Василий поднялся, прошел в ванную, подставил спину под струистый холодный душ, растер грудь, руки, насухо вытерся жестким полотенцем, не садясь за стол, выпил стакан холодного чаю, закурил и вышел из дому.
Как-то он поговорит с Тимкиным, с тем самым, которого знал как плохого студента и который теперь возглавлял объединенный комитет? А! Как бы там ни было — поговорит прямо. Ведь вопрос-то ясен и прост.
Тимкин разговаривал по телефону и сделал вид, что не сразу заметил Василия. Только положив трубку, он воскликнул:
— Ах, Василий Иванович! Вот кого не ожидал. Проходите! Надеюсь, не по поводу экзаменационной сессии? Данные, которые к нам поступили…
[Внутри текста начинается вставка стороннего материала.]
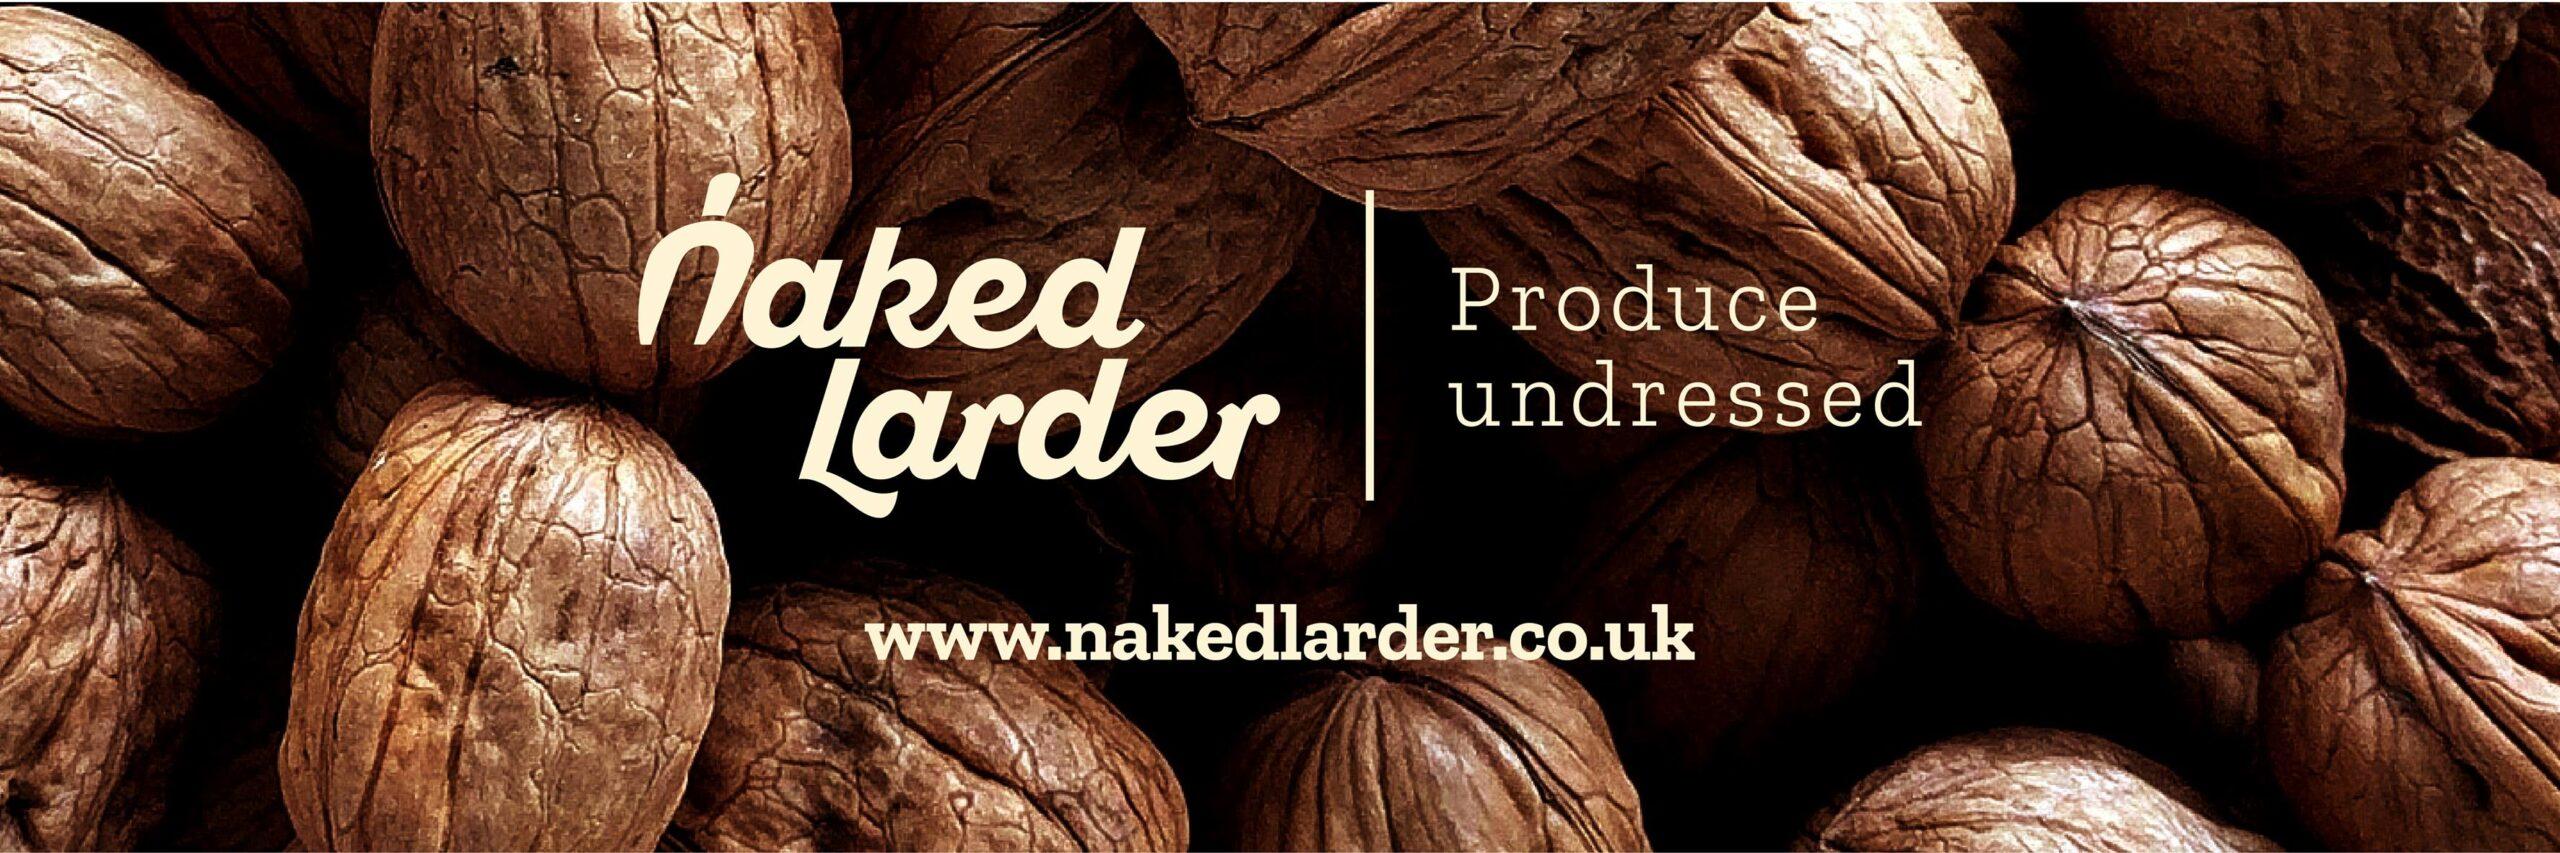 Naked Larder Hastings

— Сессия прошла нормально, — усаживаясь перед столом, ответил Василий. — Я пришел не за тем.
— Слушаю вас.
— Вопрос несколько необычный, правда. Насчет вчерашнего собрания на комбинате. Вы на нем были?
— Был. И что?
— Что же вы так поступили с человеком? Хлоп — и выговор. Нельзя так — с кондачка.
— С кондачка, Василий Иванович, мы вопросов не решаем. Вы, собственно, о ком?
— О Лене Крисановой.
— Да, да, разговор шел именно о ней… Ну и что? Голосование было единодушным.
— Скажите лучше — бездушным. Такого человека, такую работницу, студентку, наконец, и так очернить.
— Прошу меня извинить, Василий Иванович, — разведя руками, возразил Тимкин, — чернить людей не в наших правилах. Другое дело, когда они чернят себя сами. Тут мы должны сказать свое принципиальное слово. Мы…
— Бросьте! Надо вначале разобраться, — перебил Василий. — А вы взяли и проголосовали. Откуда у вас так повелось?
— Василий Иванович, — с расстановкой произнес Тимкин. — При всем уважении к вам…
— При чем тут уважение ко мне? Уважать надо всех, каждого!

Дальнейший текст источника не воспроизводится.